It follows that there is an inherent tendency to create rents in the economic process. The only question will now be: How to make these rents harmless in the economic life? But in the first, place we must know that this tendency to create rent exists. If you abolish rents, in one form or another they will be created again, for the simple reason which I have just explained.
You see, for the same reason which underlies the tendency in the economic process to create rent, there arises, on the other hand, the tendency of the industrialists to devalue Capital, to make Capital cheaper and cheaper. We shall best understand this tendency if we get it clear to begin with that Capital cannot really be bought, True, there are dealings in Capital; people “buy” Capital. But every such purchase of Capital is once again merely a masked relationship; in reality we do not buy Capital, we only borrow it. Yet, in the end, even if the relationship is apparently other, you will always be able to unmask it and expose the loan character of industrial Capital. I say expressly, of industrial Capital, for if you extend the principle to rents it is no longer the case. But it is certainly the case with industrial Capital, for the simple reason that there is a constant tendency to undervalue, as compared with other things, that which depends on the human Will—that is to say, handicraft or manufacture and entirely free activity (at this point in the diagram). Industrial Capital is altogether implicated in the free activity of the Spirit; hence it is constantly being devalued; and we may say, on this side (Diagram 4), there is inherent in the economic process a tendency, while we create rents, to lower industrial Capital, to make it lower and lower in value. Just as things become more and more expensive on the one side, on the side of ground-rent, so do they become cheaper and cheaper on the other side, on the side of Capital. Capital has a permanent tendency to go down in its economic value, or rather in its economic price. Rents have a permanent tendency to rise in price.
There is also another reason from which you will see that industrial Capital must inevitably go down. We said just now that in farming one cannot help providing for oneself.

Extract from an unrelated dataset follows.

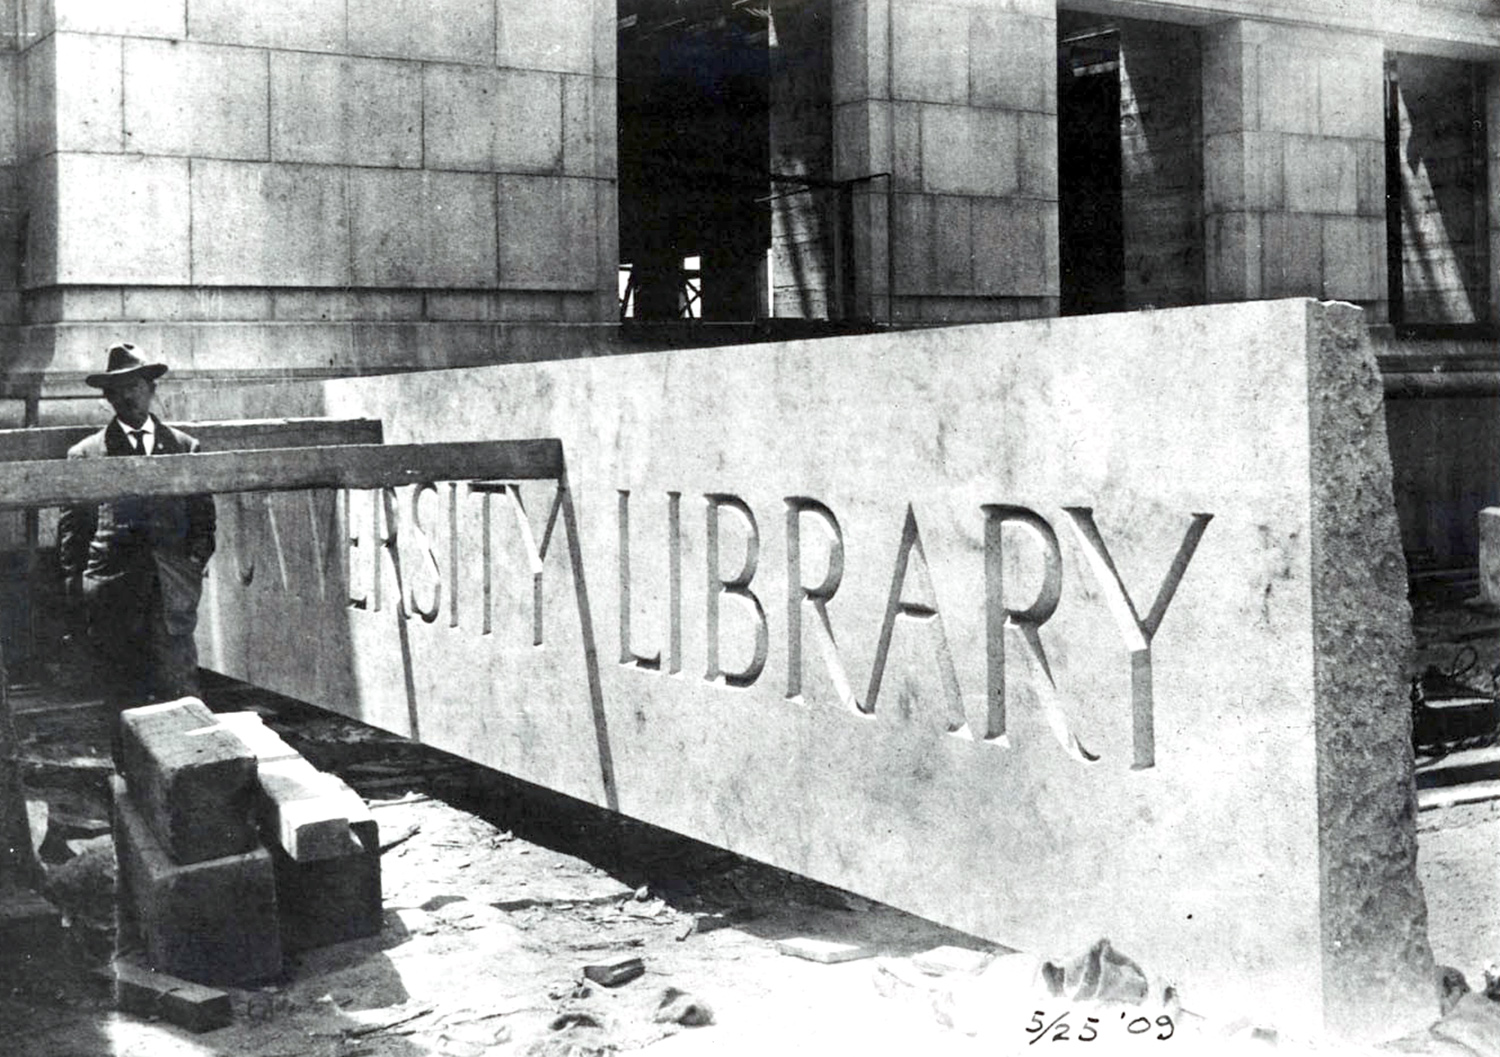 Construction of Doe Library
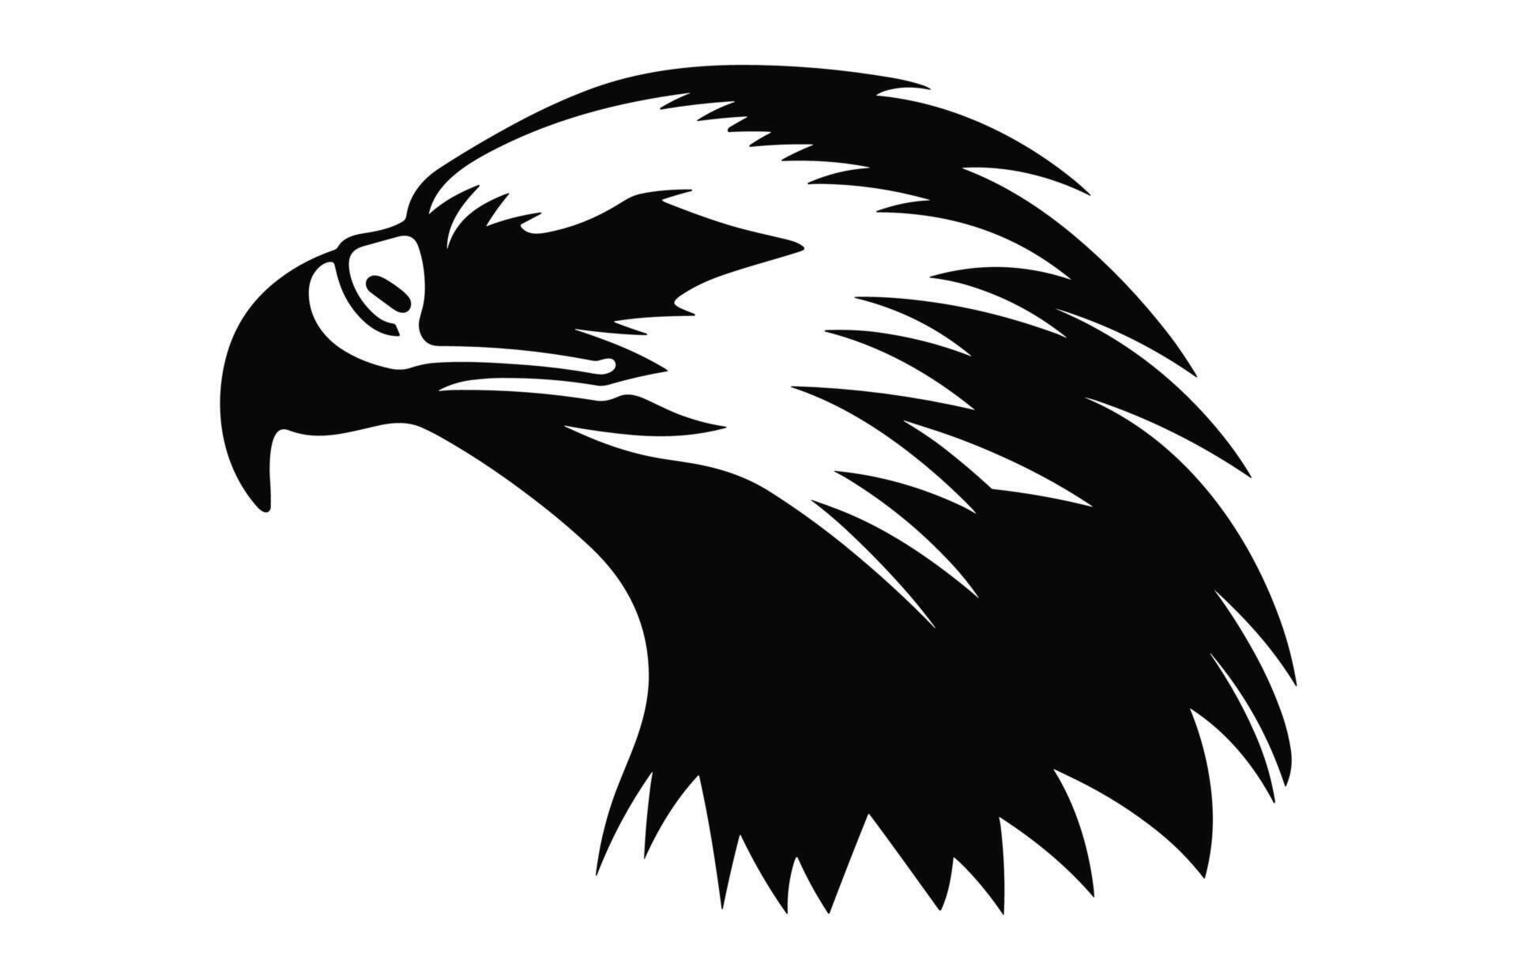 Bald Eagle Head Silhouette Vector, Eagle face black Clipart isolated on a white background vector

It is just by this self-provision that the rise in the value of farm-products is brought about. At the same time you will see that in the case of industrial Capital, where the loan principle predominates, one cannot provide for oneself; one cannot provide for oneself with Capital. What one does provide for oneself must be included in the balance sheet nowadays in precisely the same way as what one borrows—if the balance sheet is to be correct. Since, therefore, at this point (Diagram 4) one cannot provide for oneself, it follows that the opposite tendency obtains—the tendency towards lower prices.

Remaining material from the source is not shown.